Twenty new samples of hydrazone functionalized thioparabanic acid and rhodanine analogues were prepared by reacting a mixture of acyl methylene substituted rhodanine and hydantoin compounds with hydrazine and acyl hydrazine derivatives in good yields (53–89%). The cytotoxic effect of newly synthesized compounds 3a–g, 4a–m was evaluated on the human colon cancer cell line (DLD-1) and human liver cancer cell line (HepG2) by comparison with cisplatin as a positive control drug. Two of the molecules (3f [2-hydroxy-N'-((Z)-1-(5-oxo-2-thioxoimidazolidin-4-ylidene)propan-2-ylidene)benzohydrazide], 3g [(5Z)-5-(2-(2-(3,4-dimethylphenyl)hydrazono)propylidene)-2-thioxoimidazolidin-4-one]) showed significant inhibition on cancer cells. Particularly, one of the molecules (3f) was found to be more effective than cisplatine with IC₅₀ values of 4.71 µM and 2.79 µM for DLD-1, HepG2, respectively. Selectivity of the most active five compounds was screened against a healthy human cell line (Wl-38). Compounds 3g and 4l, which are, respectively, thioparabanic acid and rhodanine derivatives, demonstrated good selectivity, and it was observed that the toxic effect of these compounds was more on colon and liver cancer cells than on normal lung cells.

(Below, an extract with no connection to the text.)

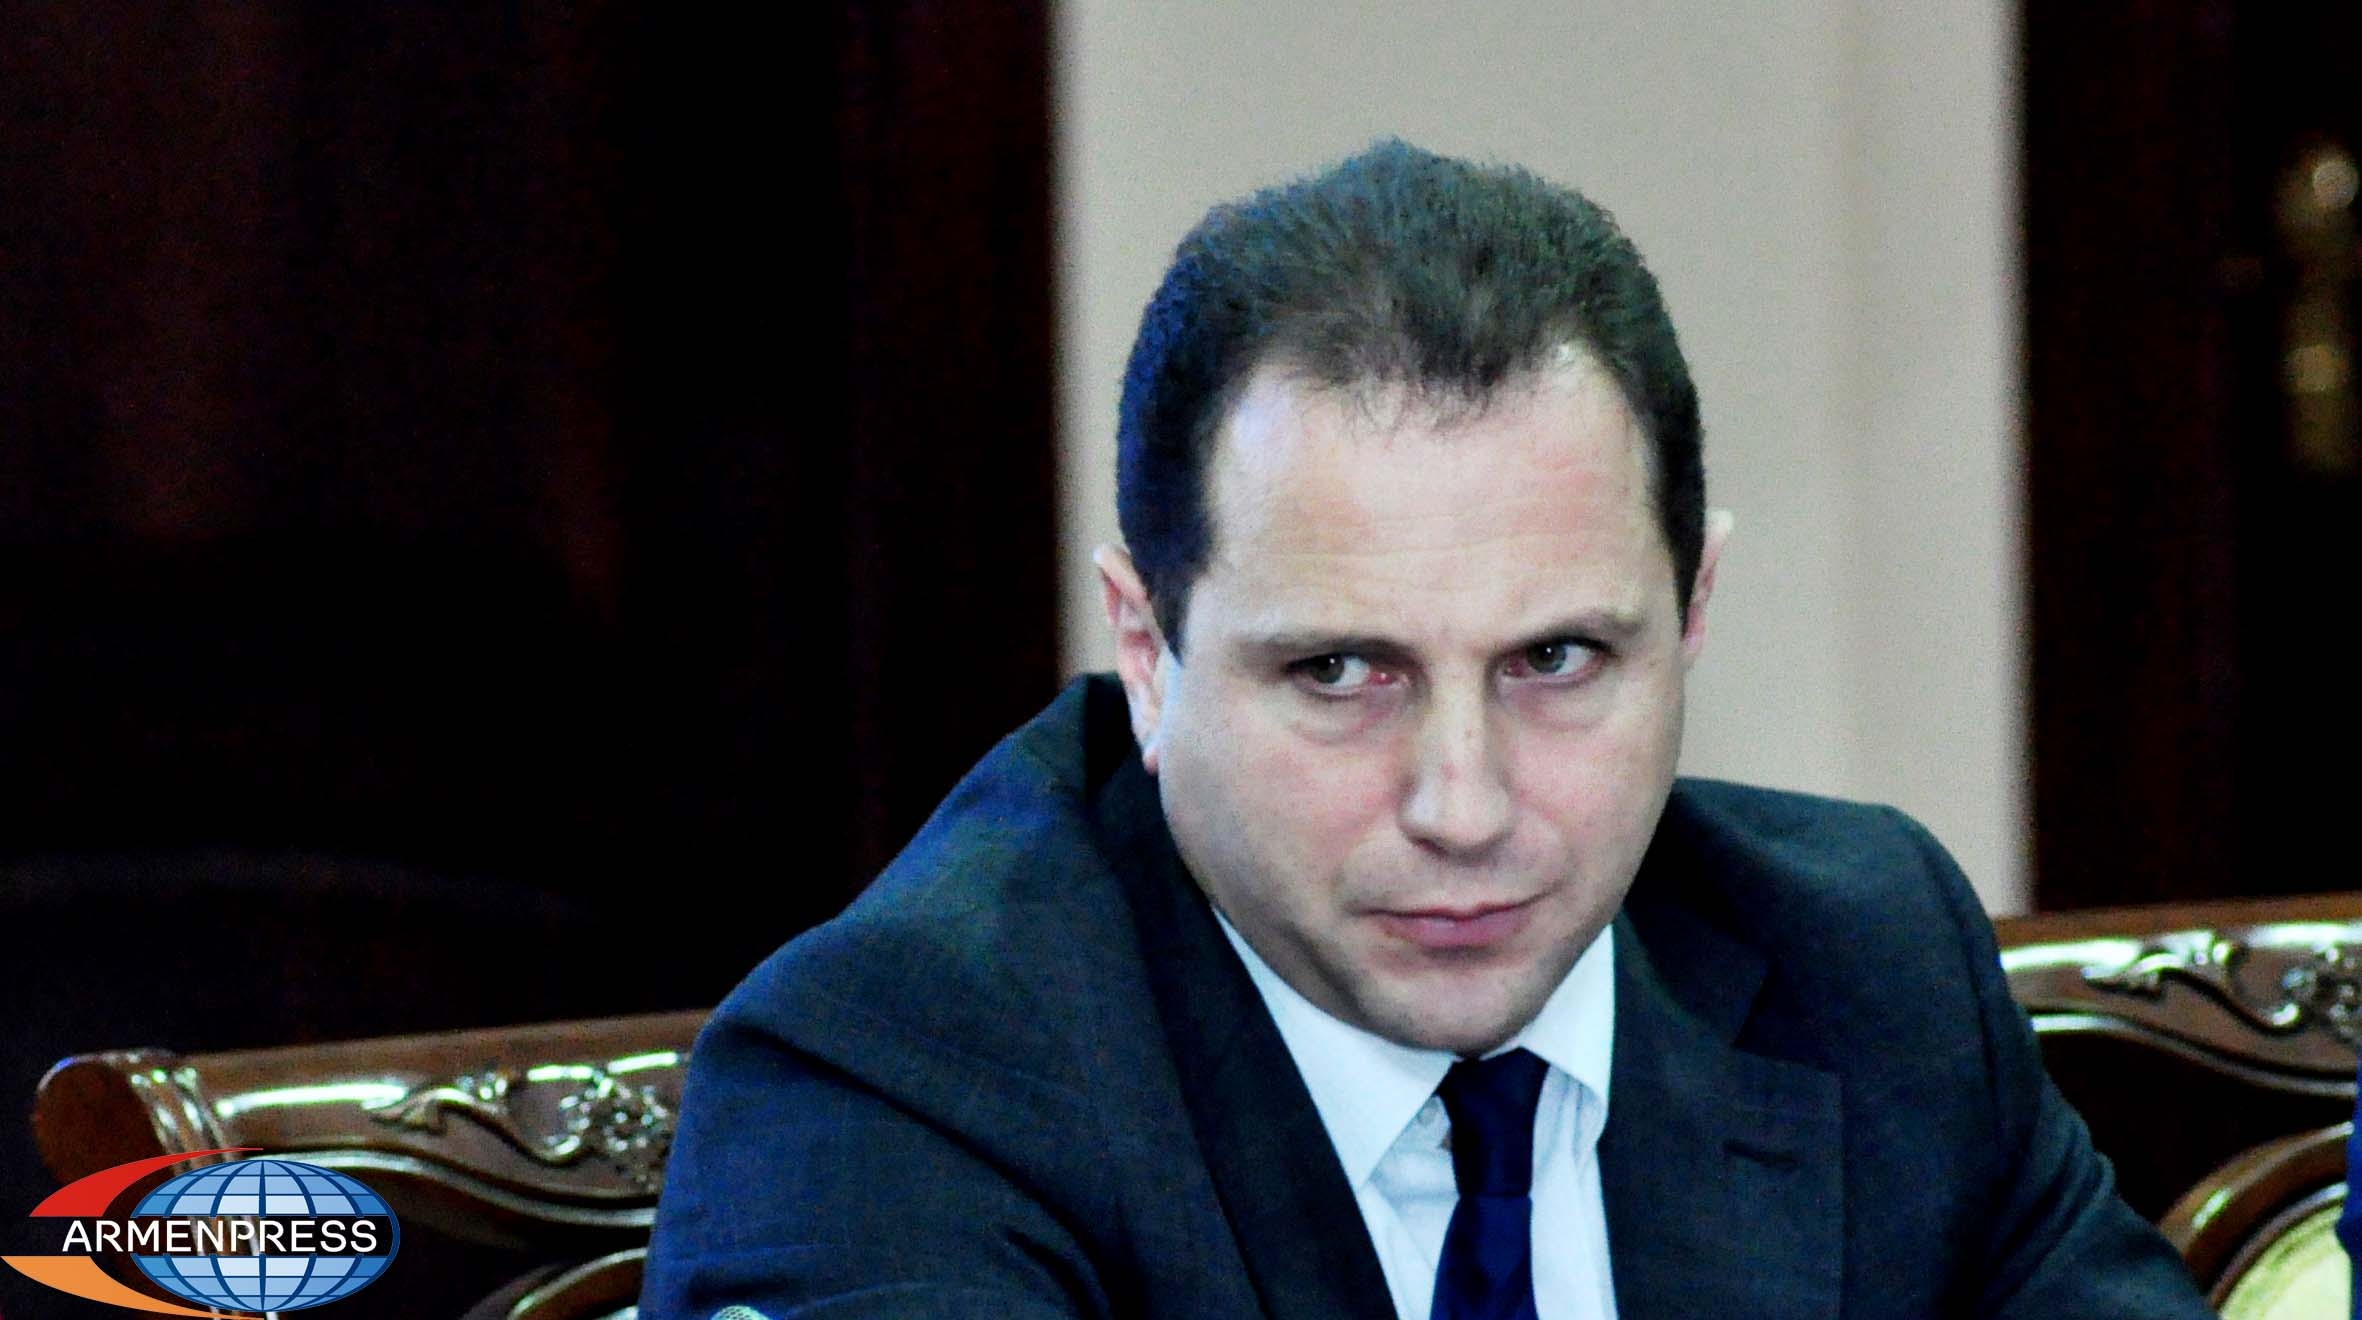 Армянская сторона готова представить «вещественные доказательства», обнаруженные на 
месте диверсионной группы, сопредседателям МГ ОБСЕ: МО РА

The molecular docking evaluations for active 3f and 3g molecules on the liver and colon cancer were conducted to support the obtained experimental results with the in silico AutoDock Vina program and the results were shown to support each other.

Graphical Abstract

Keywords:

• Antiproliferative activity
• molecular docking
• thioparabanic acids
• rhodanine analogues
• hydrazone

Acknowledgment

Author would like to thank Prof. Dr. Fatih Ucun for his helpful contribution and Gaussian Calculations.

Author’s contributions

ŞHÜ, ÜÇ, and İEK performed the chemistry experiment and molecular characterizations. SA performed the biological activity experiments. YS performed molecular docking study. All authors discussed the results and commented on the manuscript.

Conflicts of interest

There are no conflicts of interest to declare.

Additional information

Funding

This study was supported by the Science and Technology Practice & Research Center of Yozgat Bozok University, Turkey (Project No: 2015FBE/T198). SA would like to thank Suleyman Demirel University Research Fund for financial support with project number TSG-2021-8458.